Richard S. Muller: MEMS pioneer
The 1970s introduced the Voyager Program, jumbo jets and MRI machines. But during a time of large-sized technological achievements, Richard S. Muller was concentrating on the small.
When he first joined Berkeley’s electrical engineering and computer sciences (EECS) department as a professor in 1962, Muller focused his research on integrated circuits, but by the late 1970s, his interests shifted to nonelectrical micro-devices. The idea was to build chip-scale engineering systems — which later became known as MEMS (micro-electro-mechanical systems).
In the early 1980s, Muller and EECS graduate student Roger Howe achieved a breakthrough that would enable the popular use of MEMS. They built mechanical elements compatibly with integrated circuits on a single chip, using polycrystalline silicon as a structural material.

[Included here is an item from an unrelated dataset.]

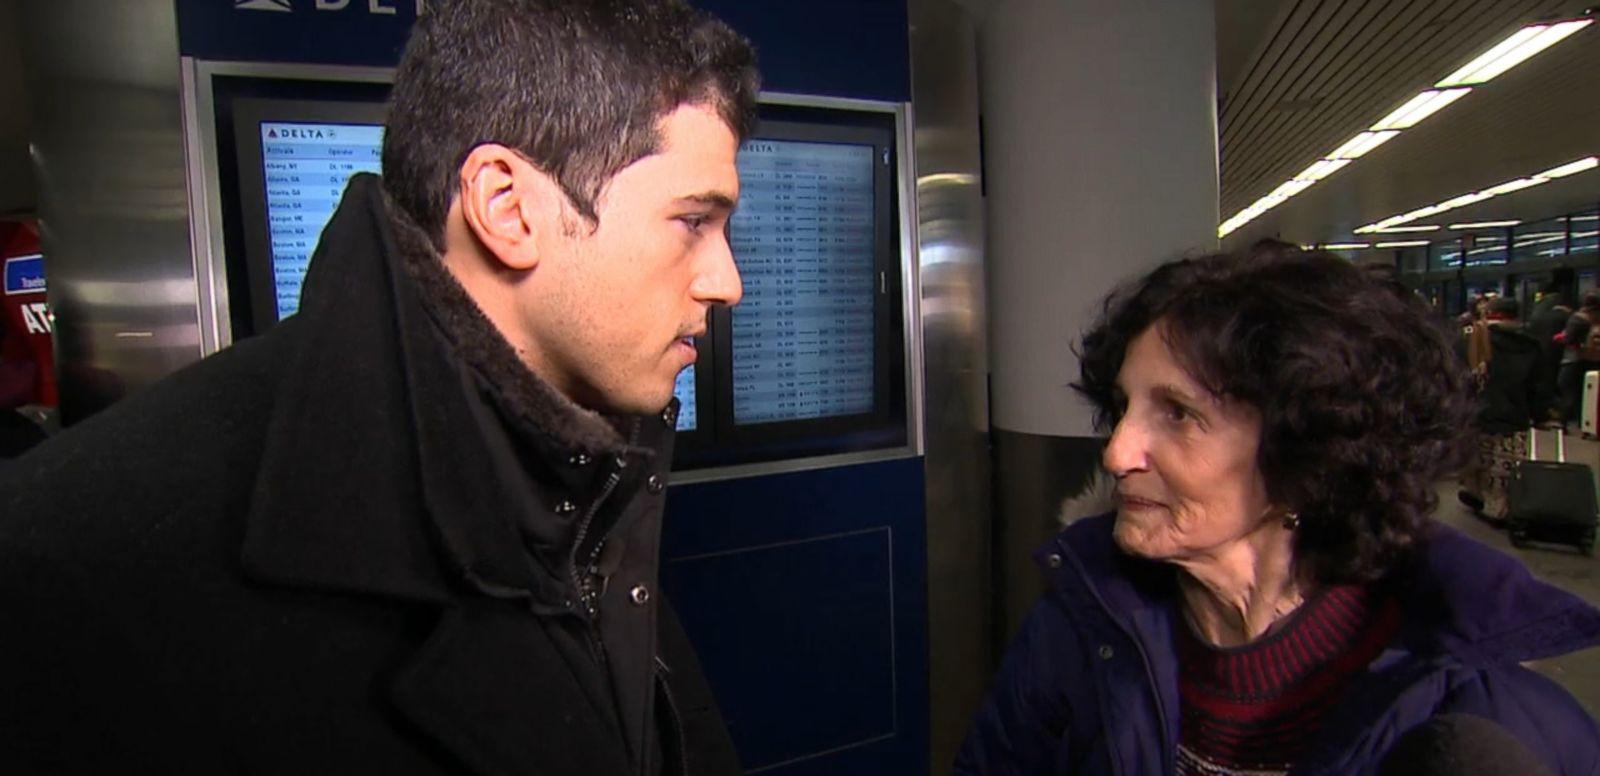 VIDEO: Sheila Mihalovits, 73, describes the landing mishap of Delta Flight 1086 at LaGuardia Airport.

Today, this is known as surface micromachining and is used to create MEMS for a variety of applications, including automobile sensors, smartphones, video game controllers, as well as gas and chemical sensors.
On the heels of this breakthrough, Muller and his EECS colleague Richard White founded the Berkeley Sensor & Actuator Center (BSAC) in 1986. This NSF, Industry and University Cooperative Research Center brings together a wide-range of scientists, working side-by-side with students, to develop materials and processes for MEMS research.
For his accomplishments, Muller has received numerous honors. He is a member of the National Academy of Engineering and a Life fellow of the IEEE. He received the IEEE Cledo Brunetti Award in 1998 and an IEEE Millennium Medal in 2000. He is also the author or co-author of more than 300 research papers and technical presentations, has 19 issued patents and is the founder of the IEEE/ASME Journal of Microelectromechanical Systems (IEEE/ASME JMEMS).